Refund timing. Klarna deducts refunds from future settlements, but the refund posts to your sales platform (Shopify, WooCommerce) on the date the customer initiates it. If you sync sales daily, the refund hits the books before the deduction shows up in the bank. The clearing account temporarily looks low. It self-corrects when the next settlement lands. As long as you’re not chasing the variance every day, it’s fine. Reconcile monthly and the noise washes out.
The 1099-K question
BNPL providers issue 1099-Ks at the federal threshold ($20,000 and 200 transactions for 2025 forward, post-OBBBA reversal). The 1099-K reports gross processing volume, not net settlements. If your books only capture net deposits, your reported revenue won’t match the 1099-K.
This is the most common reason ecommerce sellers get IRS underreporter notices. The CP2000 letter shows up in October or November, and the seller stares at it wondering why the IRS thinks they had $400,000 in Klarna revenue when QuickBooks shows $370,000. The answer is fees and refunds processed gross on the 1099-K versus net on the books.
Use the clearing account method, and your reported gross sales will match the 1099-K. No notice.
Net versus gross presentation
There’s a separate accounting question of whether to present BNPL revenue gross or net under ASC 606. The technical answer is gross if you’re the principal in the transaction, which most ecommerce sellers are. You control the goods, you bear the inventory risk, you set the price. BNPL is just the financing channel.

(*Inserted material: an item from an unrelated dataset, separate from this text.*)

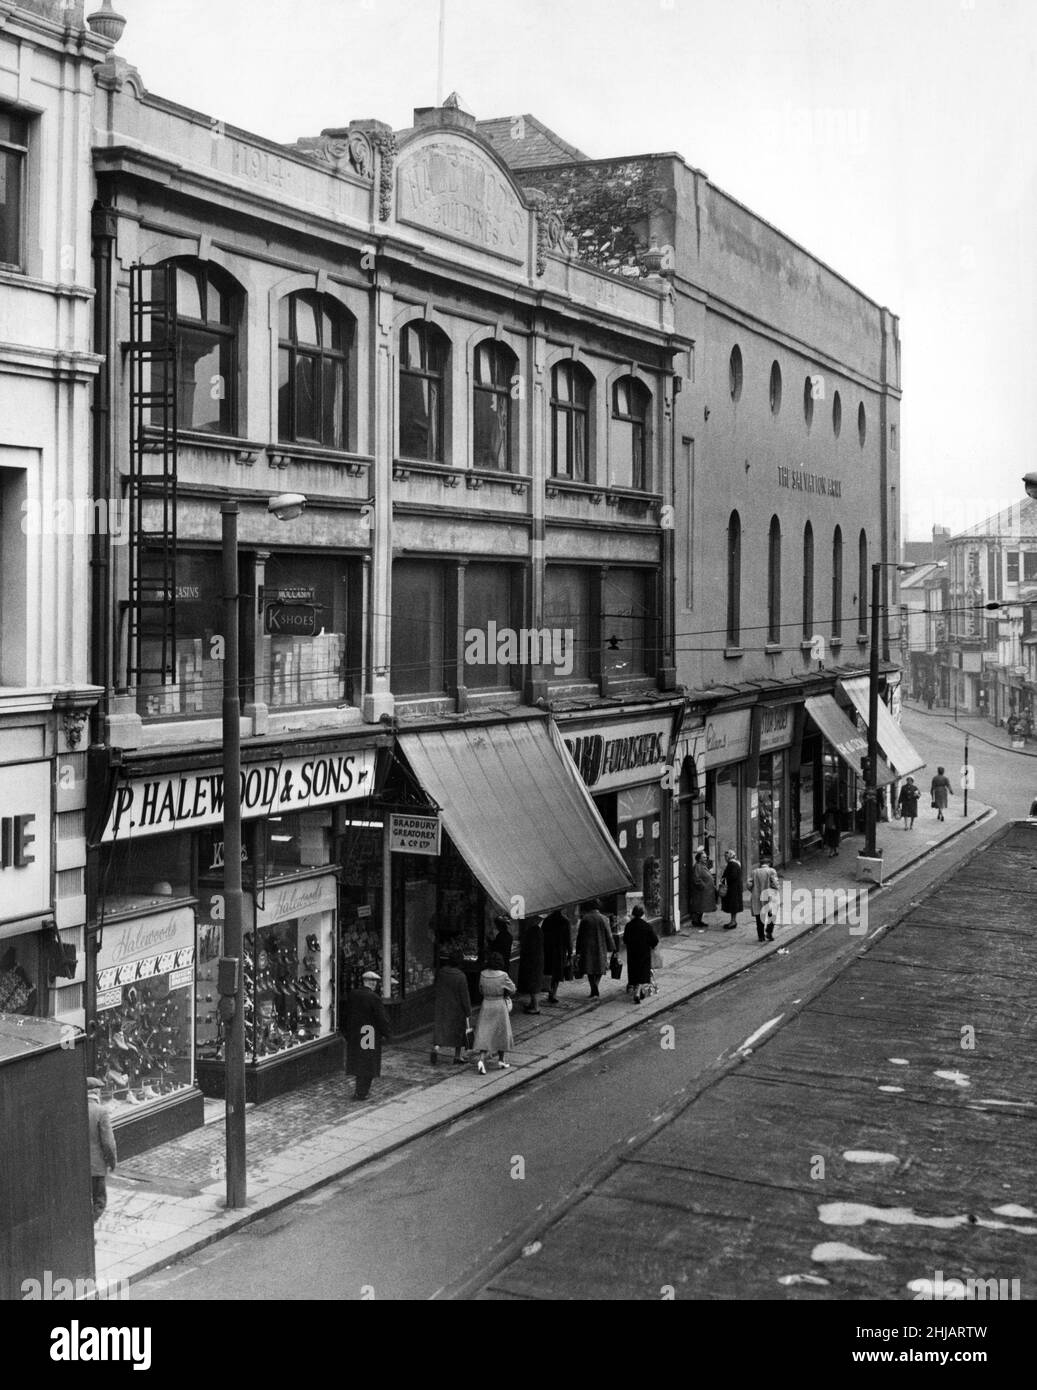 Cardiff city council have agreed to spend £91,582 on acquiring the Hayes block of buildings, pictured, which is only a small section of the immense redevelopment planned for the city's central area. The Hayes, is a commercial area in Cardiff, South Glamorgan, Wales. Circa 1962. Stock Photo

That means top-line revenue should reflect gross sales price, with BNPL fees as a separate line. Some sellers net the fees into a contra-revenue account to make their take rate look cleaner. That’s defensible if it’s consistent and disclosed, but it does compress your reported revenue. If you’re showing financials to a buyer or lender, gross presentation almost always reads better.
The 30-minute review
If you take BNPL and aren’t sure whether your books are right, here’s a quick check.
Pull your last three monthly settlement reports from each BNPL provider. Sum the gross sales reported, fees deducted, refunds processed, and net settled. Compare those four totals to your books for the same period.
If gross sales match revenue, fees match BNPL Fees, and refunds match the refund/contra-revenue account, you’re clean.
If any line is off by more than a percent or two, dig in. The variance is almost always one of three things: refunds not posted, fees rolled into revenue, or rolling reserves misclassified.
Fix it now while the volume is reasonable. The same problem in November after a Q4 spike turns into a multi-day cleanup.